Once it's trapped, do not release the groundhog somewhere else. Relocated animals tend to do poorly in the wild and it would be unfair to release it near someone else's home. Turn it over to your local wildlife control officer, a vet or a wild animal sanctuary.
Got Mulch? You'll Get Voles
Pam in Manassas writes: "How do we get rid of voles in our flower garden? They eat our plant's roots and pull entire plants into the ground. We've tried mole solution spray, mouse traps, and vibrating bars, but nothing seems to work."
I emailed Pam back to ask one simple question: "Is the area covered with wood mulch?" "Yes," she replied.
Well then, you'll never be rid of them Pam. This ridiculous trend of so-called decorative mulching provides perfect protection from predators and leads to population explosions of vermin like mice and voles.
Lose the mulch and then spray the area heavily with a castor-oil based mole and vole repellant and set out mouse traps baited with peanut butter; that combination should work very well.

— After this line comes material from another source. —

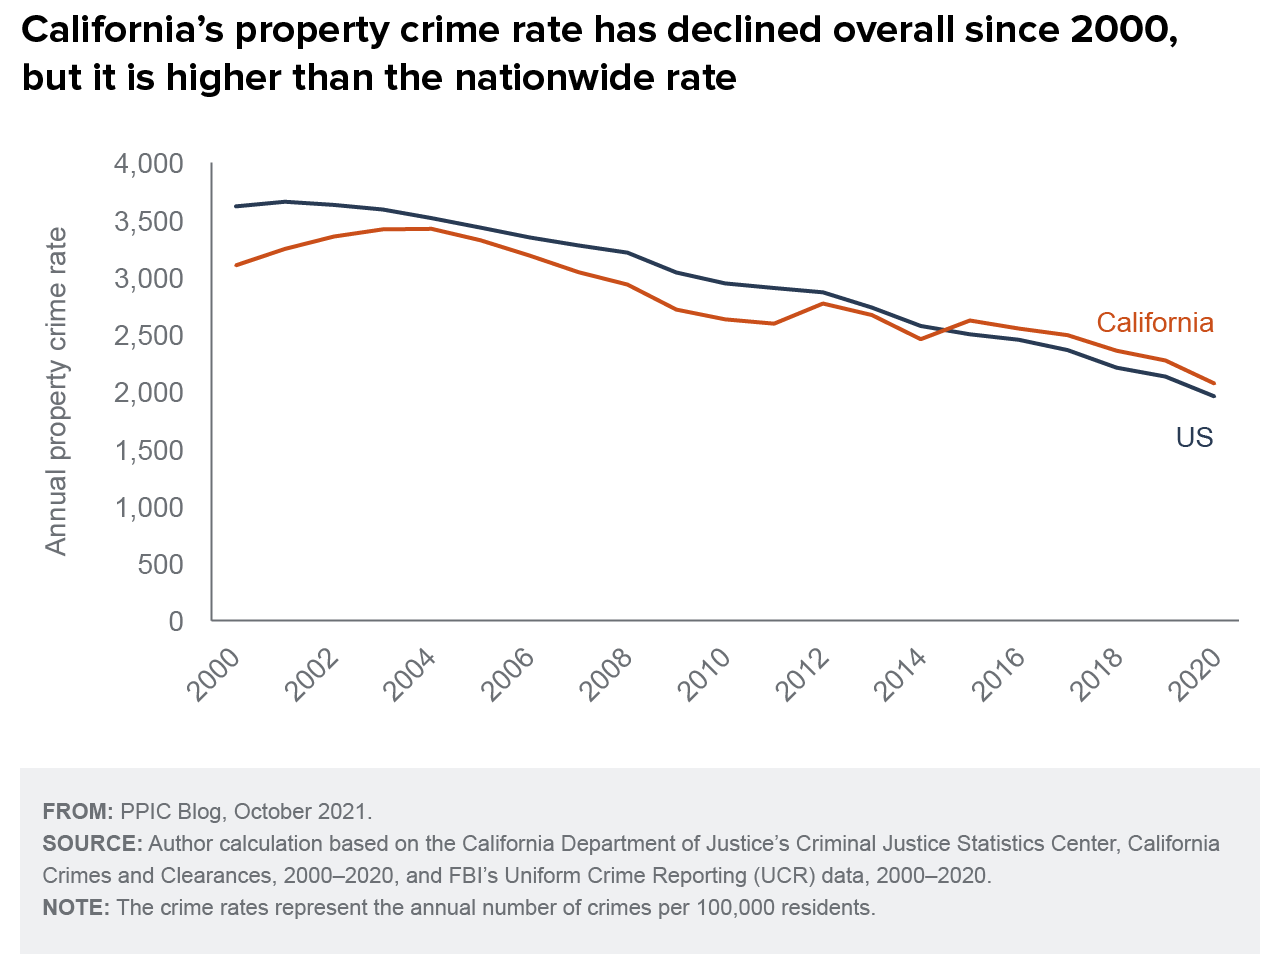 figure - California’s property crime rate has declined overall since 2000, but it is higher than the nationwide rate

Vibrating and ultrasonic devices don't work -- period.
Moles? Or Voles?
Brian in Bowie writes: "I've lived with moles in the yard for a while, understanding that they eat Japanese beetle grubs. But now they're hiding in my garden, coming out to steal the leaves from my hostas and other plants. They've destroyed several hostas, and damaged many more. How can I control the moles?"
Moles aren't harming your hostas, Brain. As you note, moles eat meat: grubs, earthworms and other underground creatures. Like teenage boys, they won't touch a green plant. Moles also make visible raised tunnels. Voles just leave little holes in the ground.
Your plant loss indicates that you have voles. Mouse-sized, shrew-like creatures that eat enormous amounts of plant material. If you have wood mulch, it must be removed. Then spray the soil with a mole and vole repellant containing castor oil and put out mouse traps baited with peanut butter.
David in Woodbridge writes: "Every day we arrive home to find more of our rose buds chomped off, and evidence of deer as the culprits. What do you recommend to keep deer away from a fairly small area? The internet has many conflicting ideas, ranging from pepper sprays and soap on a rope to ultra-sonic devices and electric fences."
Electric fences work great, Dave, but they're not for small areas close to a home.
Ultrasonic devices have never been shown to work.
And you're better off using the soap on a rope in the shower.
Repellant sprays can work, but to battle deer you need a repellant whose main active ingredient is putrescent egg solid, the ingredient research has shown to be the most effective.
Spray the plants beginning about 3 feet off the ground all the way up to the tips and reapply after heavy rain. Do not bring any sprayed roses inside.